--- Data provided ---
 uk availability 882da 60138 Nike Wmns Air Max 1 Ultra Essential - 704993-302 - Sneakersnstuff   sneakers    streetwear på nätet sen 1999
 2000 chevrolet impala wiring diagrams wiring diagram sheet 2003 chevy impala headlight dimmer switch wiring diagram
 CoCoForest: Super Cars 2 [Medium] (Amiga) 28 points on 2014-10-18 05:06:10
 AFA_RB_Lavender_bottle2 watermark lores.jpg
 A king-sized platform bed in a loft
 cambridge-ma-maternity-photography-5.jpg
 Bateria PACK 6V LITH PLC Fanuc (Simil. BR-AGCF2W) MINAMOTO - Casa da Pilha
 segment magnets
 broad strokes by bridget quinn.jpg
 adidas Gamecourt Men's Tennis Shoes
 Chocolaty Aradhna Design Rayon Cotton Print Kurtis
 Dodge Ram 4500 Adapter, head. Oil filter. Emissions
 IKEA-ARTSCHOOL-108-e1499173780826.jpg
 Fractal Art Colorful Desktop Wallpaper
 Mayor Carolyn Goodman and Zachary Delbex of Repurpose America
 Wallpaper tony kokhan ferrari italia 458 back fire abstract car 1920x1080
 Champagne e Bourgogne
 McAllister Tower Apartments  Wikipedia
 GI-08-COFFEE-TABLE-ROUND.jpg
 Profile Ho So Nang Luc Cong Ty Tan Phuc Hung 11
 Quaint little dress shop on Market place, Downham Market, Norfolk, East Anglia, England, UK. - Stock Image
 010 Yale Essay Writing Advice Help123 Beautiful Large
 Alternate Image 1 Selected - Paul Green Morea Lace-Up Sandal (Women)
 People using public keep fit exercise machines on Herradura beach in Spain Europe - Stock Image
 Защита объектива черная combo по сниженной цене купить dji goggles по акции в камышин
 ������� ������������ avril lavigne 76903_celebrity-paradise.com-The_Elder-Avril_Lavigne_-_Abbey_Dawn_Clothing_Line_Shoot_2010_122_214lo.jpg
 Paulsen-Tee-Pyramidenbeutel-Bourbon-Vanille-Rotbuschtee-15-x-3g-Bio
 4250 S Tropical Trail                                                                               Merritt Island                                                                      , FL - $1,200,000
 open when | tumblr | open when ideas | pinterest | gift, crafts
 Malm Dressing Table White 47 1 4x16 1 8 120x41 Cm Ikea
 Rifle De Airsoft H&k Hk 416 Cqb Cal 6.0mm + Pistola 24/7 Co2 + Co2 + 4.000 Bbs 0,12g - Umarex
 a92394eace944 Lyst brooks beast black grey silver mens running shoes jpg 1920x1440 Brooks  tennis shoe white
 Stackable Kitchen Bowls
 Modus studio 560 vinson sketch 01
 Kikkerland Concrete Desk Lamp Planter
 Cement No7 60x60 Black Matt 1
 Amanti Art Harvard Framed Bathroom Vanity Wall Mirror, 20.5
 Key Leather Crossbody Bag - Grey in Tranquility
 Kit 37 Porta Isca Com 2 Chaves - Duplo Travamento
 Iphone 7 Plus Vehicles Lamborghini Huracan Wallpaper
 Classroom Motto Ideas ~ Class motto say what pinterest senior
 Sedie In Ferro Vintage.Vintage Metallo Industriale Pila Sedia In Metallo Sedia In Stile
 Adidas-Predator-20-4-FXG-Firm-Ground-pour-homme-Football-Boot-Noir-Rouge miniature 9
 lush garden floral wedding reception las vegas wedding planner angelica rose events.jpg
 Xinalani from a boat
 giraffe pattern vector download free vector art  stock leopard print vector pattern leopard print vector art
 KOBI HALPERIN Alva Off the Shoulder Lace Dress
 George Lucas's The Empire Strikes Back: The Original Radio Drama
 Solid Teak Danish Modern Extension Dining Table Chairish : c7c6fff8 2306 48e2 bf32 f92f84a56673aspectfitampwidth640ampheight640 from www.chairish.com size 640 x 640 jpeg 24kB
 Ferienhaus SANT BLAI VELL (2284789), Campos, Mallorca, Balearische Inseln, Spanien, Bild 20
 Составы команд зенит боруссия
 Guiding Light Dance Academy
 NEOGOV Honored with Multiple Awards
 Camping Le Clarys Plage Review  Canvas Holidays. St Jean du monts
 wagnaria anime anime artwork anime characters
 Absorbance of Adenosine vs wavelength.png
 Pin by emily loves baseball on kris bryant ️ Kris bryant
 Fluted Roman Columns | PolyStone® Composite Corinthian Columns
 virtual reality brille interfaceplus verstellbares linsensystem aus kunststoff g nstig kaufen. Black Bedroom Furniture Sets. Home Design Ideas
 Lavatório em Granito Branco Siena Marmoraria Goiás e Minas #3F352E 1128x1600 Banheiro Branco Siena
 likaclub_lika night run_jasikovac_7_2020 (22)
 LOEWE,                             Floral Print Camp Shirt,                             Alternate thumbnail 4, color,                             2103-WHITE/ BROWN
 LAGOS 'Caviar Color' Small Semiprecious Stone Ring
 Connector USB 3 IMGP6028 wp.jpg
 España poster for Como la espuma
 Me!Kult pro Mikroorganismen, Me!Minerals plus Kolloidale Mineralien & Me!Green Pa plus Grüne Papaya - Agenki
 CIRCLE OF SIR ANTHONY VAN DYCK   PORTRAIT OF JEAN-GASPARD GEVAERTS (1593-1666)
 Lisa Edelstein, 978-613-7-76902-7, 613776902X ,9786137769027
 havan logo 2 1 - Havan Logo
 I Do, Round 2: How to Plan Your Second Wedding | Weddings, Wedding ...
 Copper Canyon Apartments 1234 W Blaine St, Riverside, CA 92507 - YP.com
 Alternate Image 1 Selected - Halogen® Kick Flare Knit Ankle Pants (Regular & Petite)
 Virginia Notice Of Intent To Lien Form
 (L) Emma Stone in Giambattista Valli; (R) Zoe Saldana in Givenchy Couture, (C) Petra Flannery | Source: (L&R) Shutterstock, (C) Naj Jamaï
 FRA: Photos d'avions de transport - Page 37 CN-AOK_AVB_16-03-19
---
Working down the entries above, count each line in which "Design" occurs, and state only the resulting number.

2